Starting at the line that contains "La si restringe, El" and stopping after the line that contains "Neuer Weg (NW), Organ", transcribe the listing below exactly; do not include any pictures.

Exercise inputs -
•••••
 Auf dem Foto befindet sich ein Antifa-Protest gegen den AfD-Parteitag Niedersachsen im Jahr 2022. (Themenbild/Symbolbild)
•••••
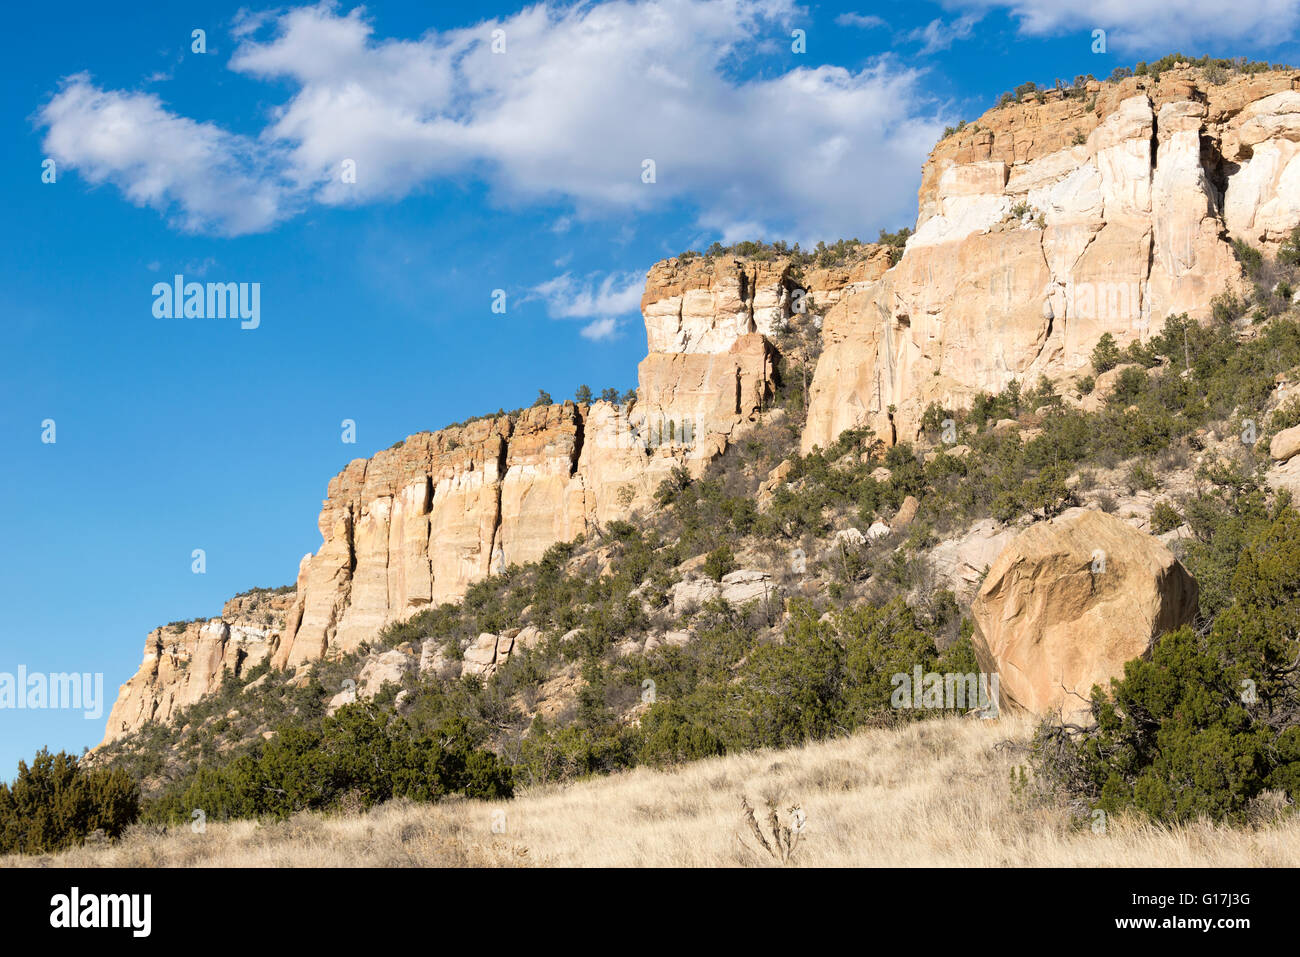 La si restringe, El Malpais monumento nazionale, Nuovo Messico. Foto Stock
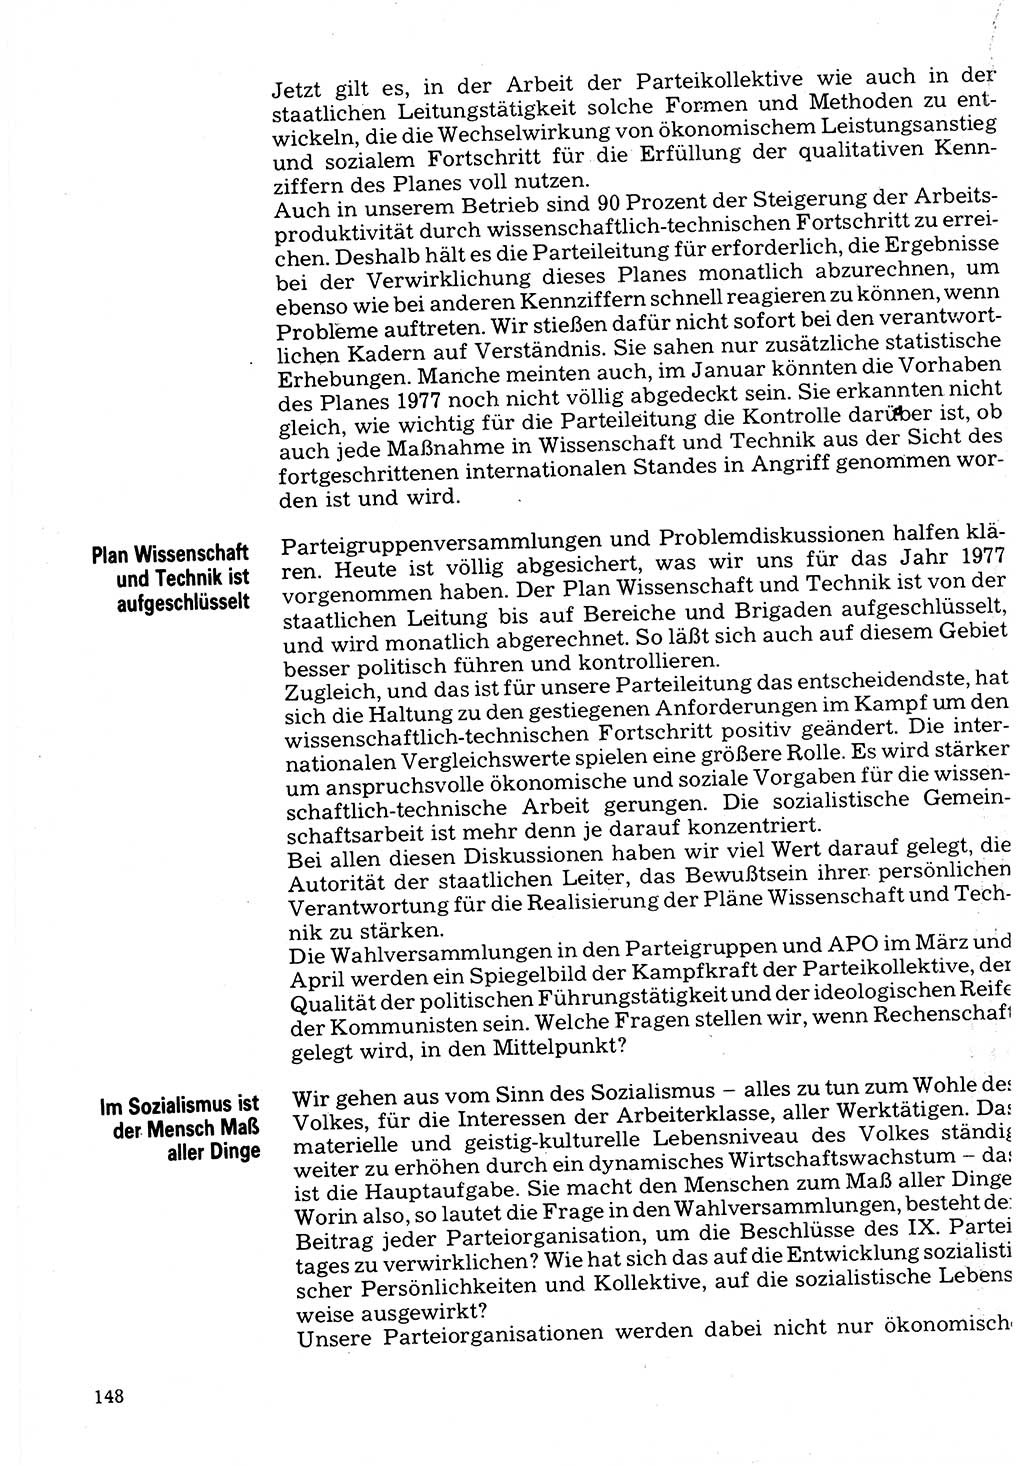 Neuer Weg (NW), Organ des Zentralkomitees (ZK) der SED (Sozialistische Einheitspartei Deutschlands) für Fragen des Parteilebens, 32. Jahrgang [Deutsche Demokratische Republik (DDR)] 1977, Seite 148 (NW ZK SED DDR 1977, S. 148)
•••••
Solution below -
 La si restringe, El Malpais monumento nazionale, Nuovo Messico. Foto Stock
 Neuer Weg (NW), Organ des Zentralkomitees (ZK) der SED (Sozialistische Einheitspartei Deutschlands) für Fragen des Parteilebens, 32. Jahrgang [Deutsche Demokratische Republik (DDR)] 1977, Seite 148 (NW ZK SED DDR 1977, S. 148)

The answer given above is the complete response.